§ **Task**
This task calls for the lines below starting at the one containing "namibia_019_SP" and ending at the one containing "Garden Swing Sketch", repeated exactly with both ends kept and pictures left out.

§ **Given records**
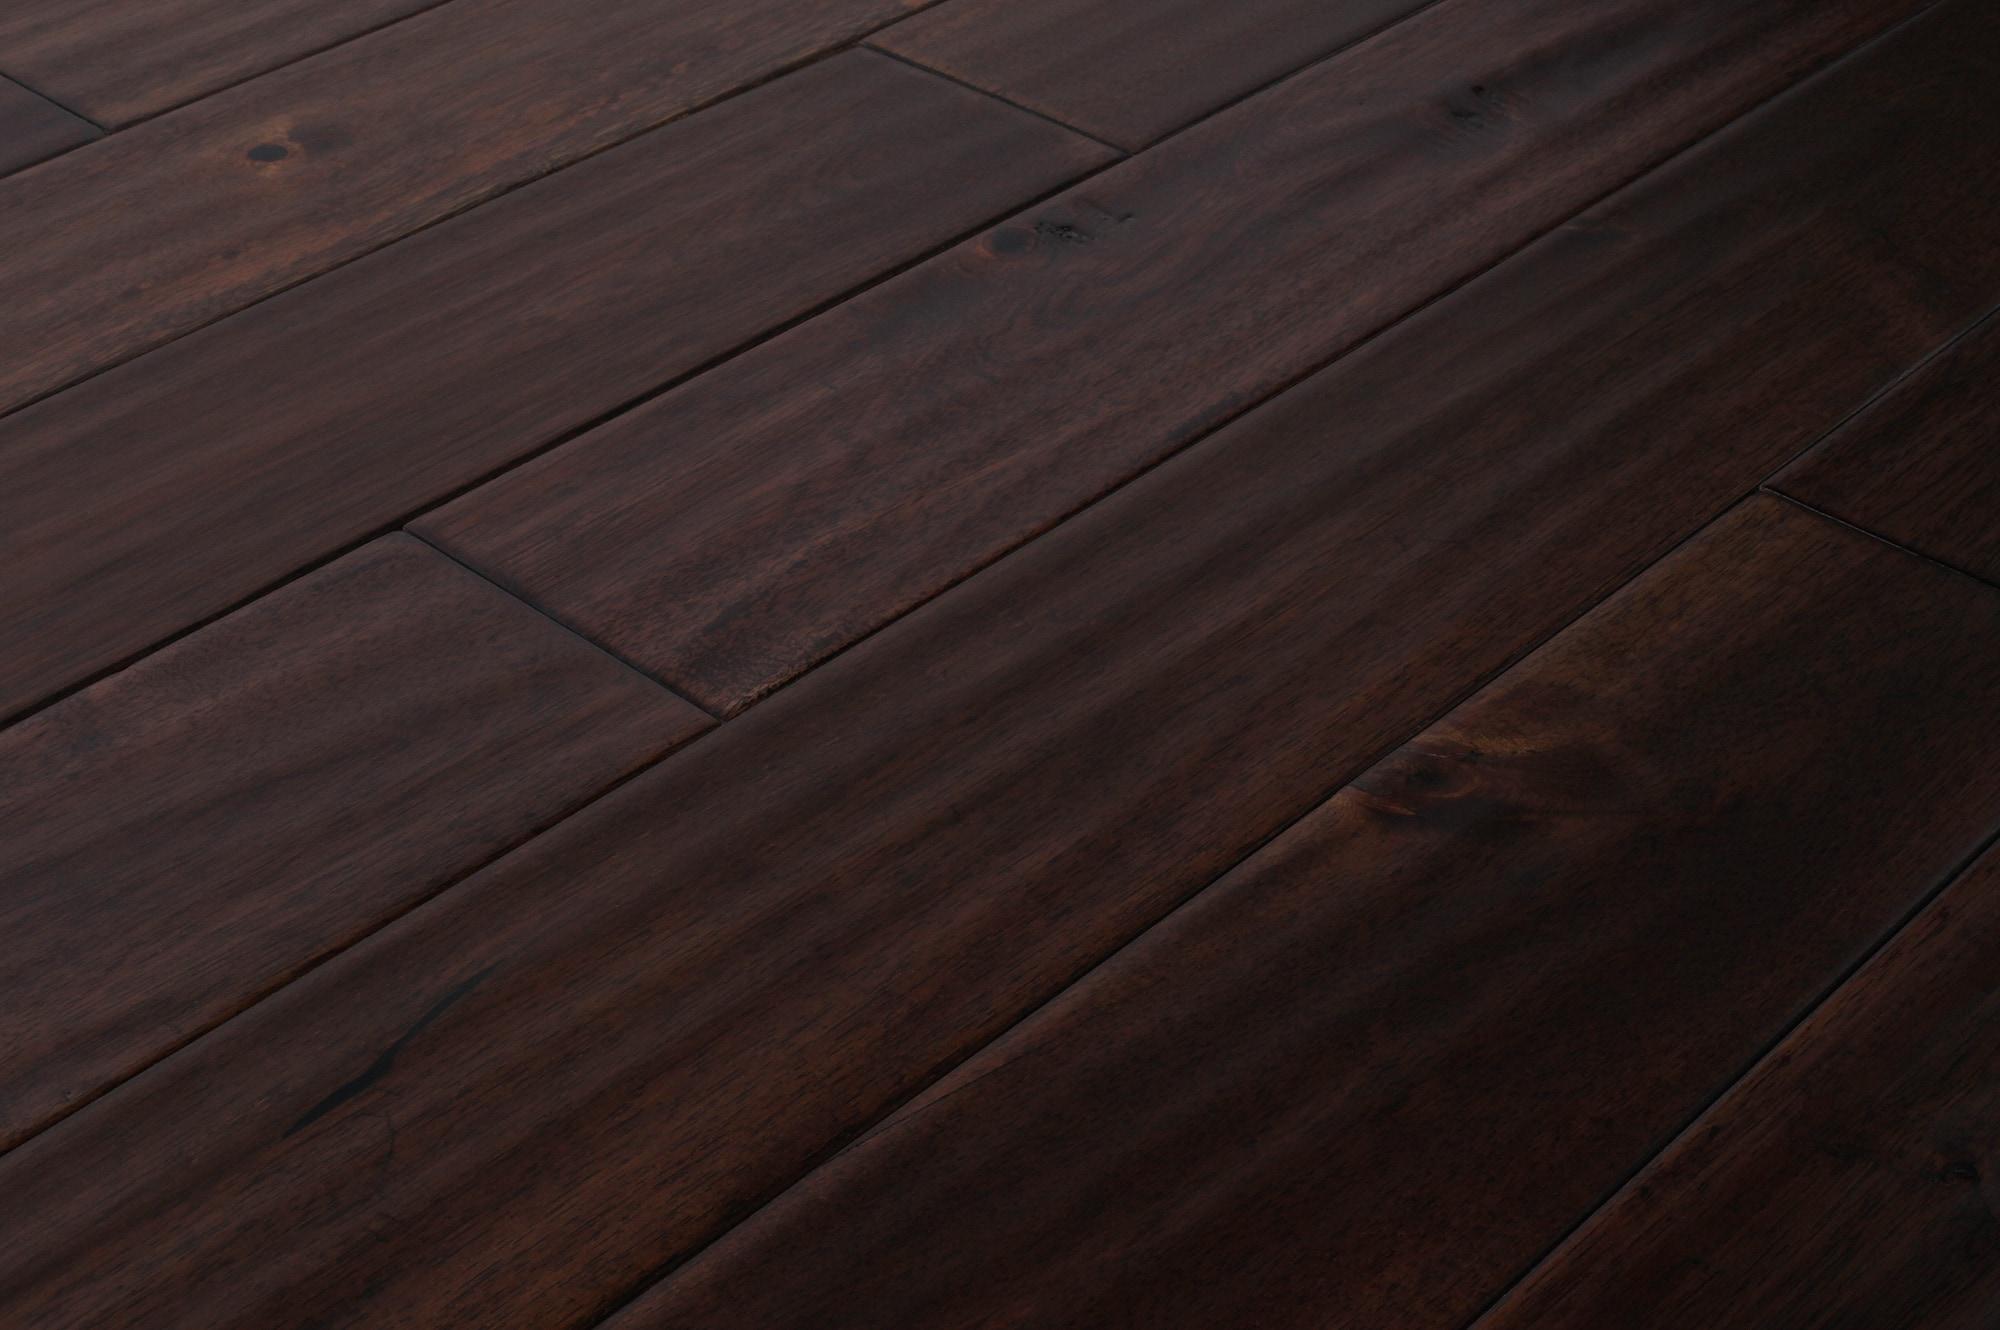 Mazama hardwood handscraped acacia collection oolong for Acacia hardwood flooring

==

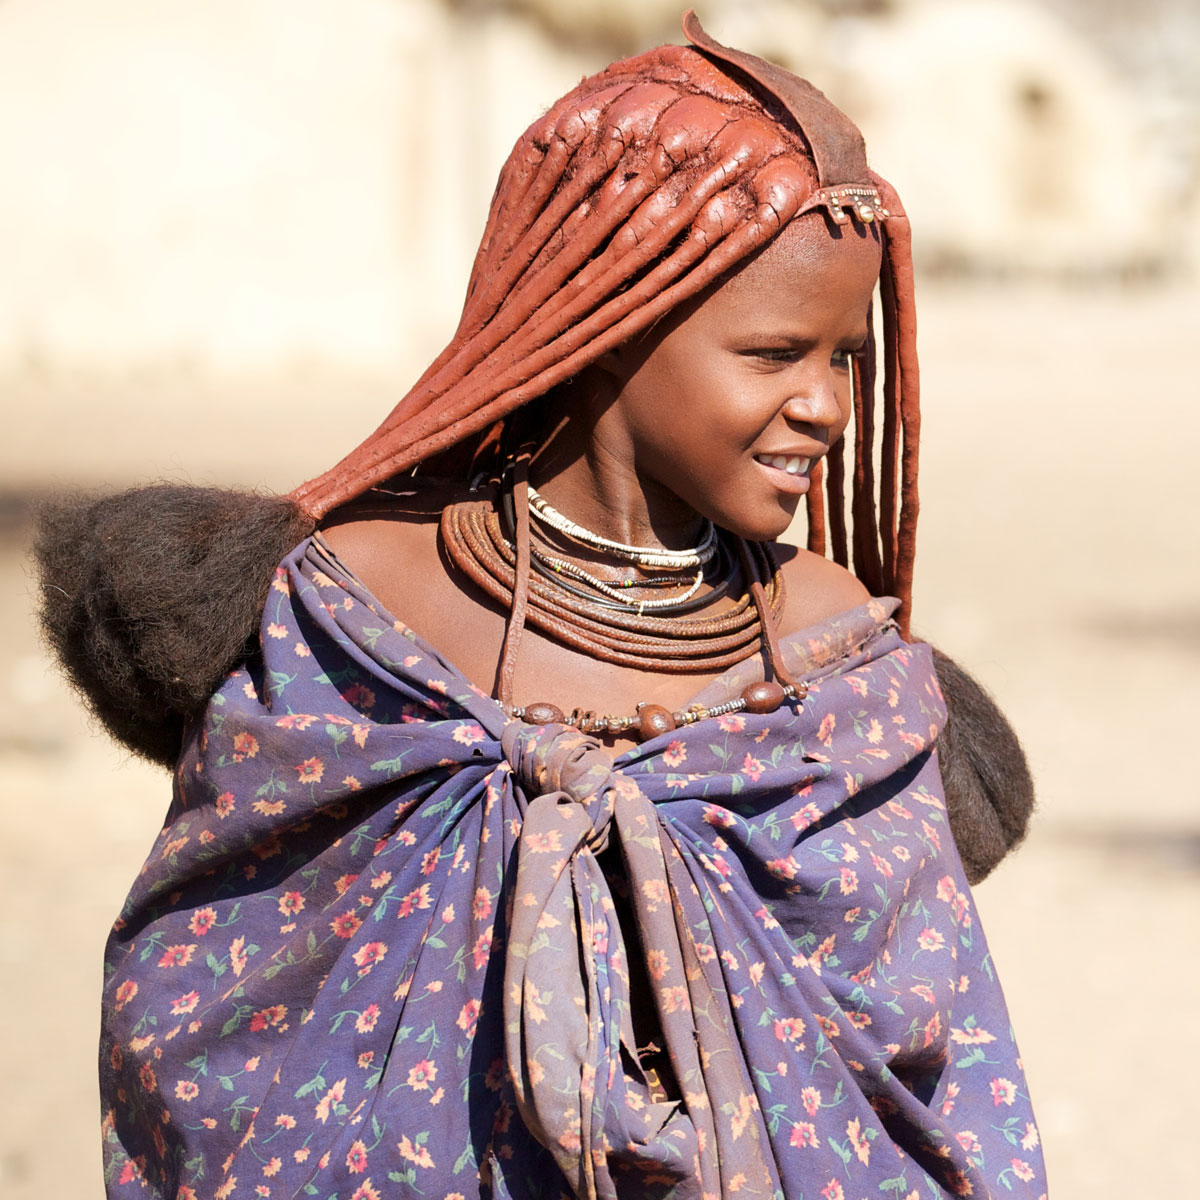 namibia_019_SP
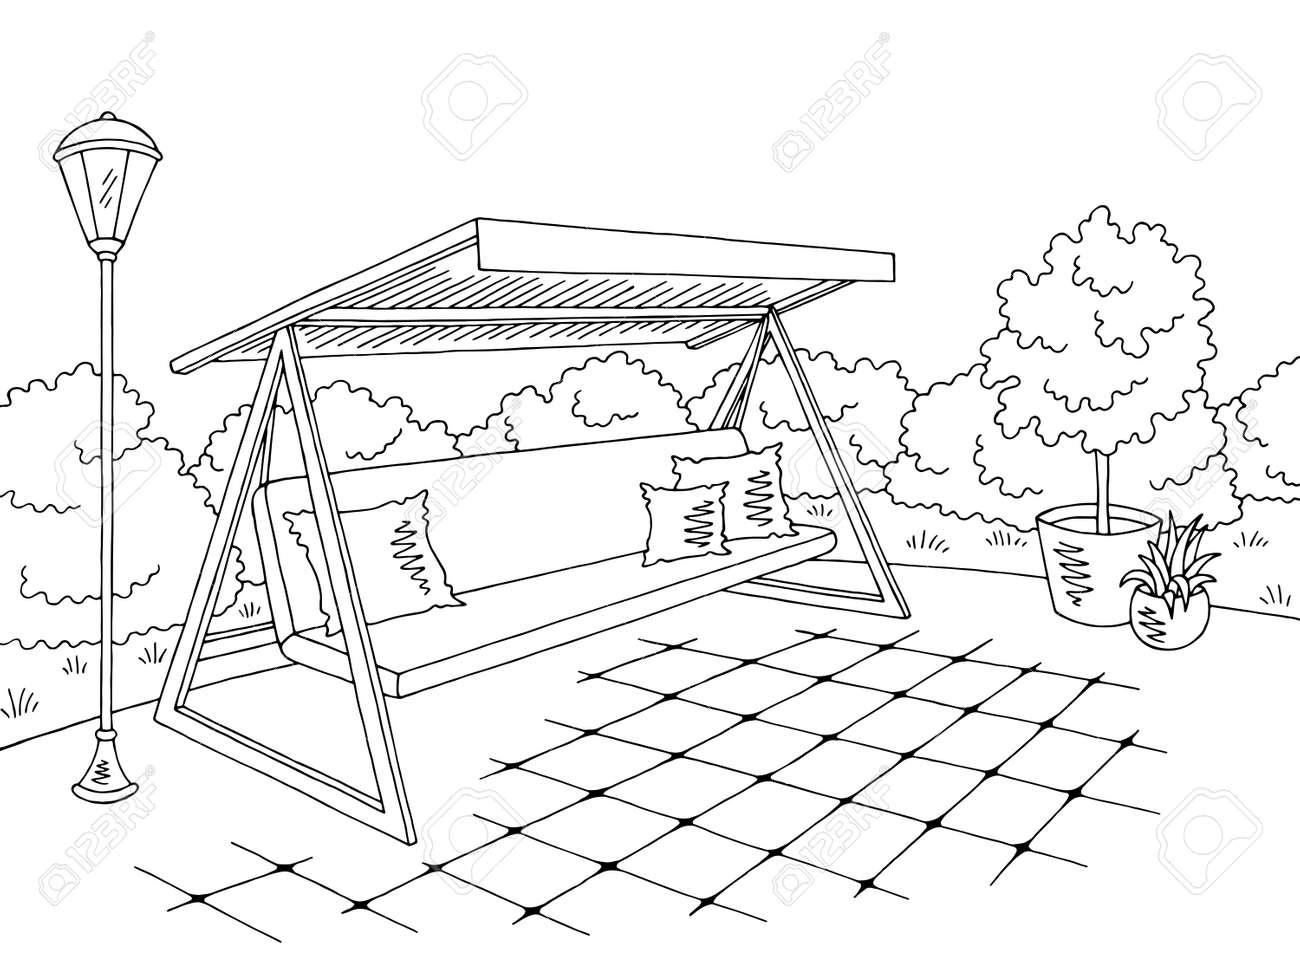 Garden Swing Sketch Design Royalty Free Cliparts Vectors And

§ **Completed task**
 namibia_019_SP
 Garden Swing Sketch Design Royalty Free Cliparts Vectors And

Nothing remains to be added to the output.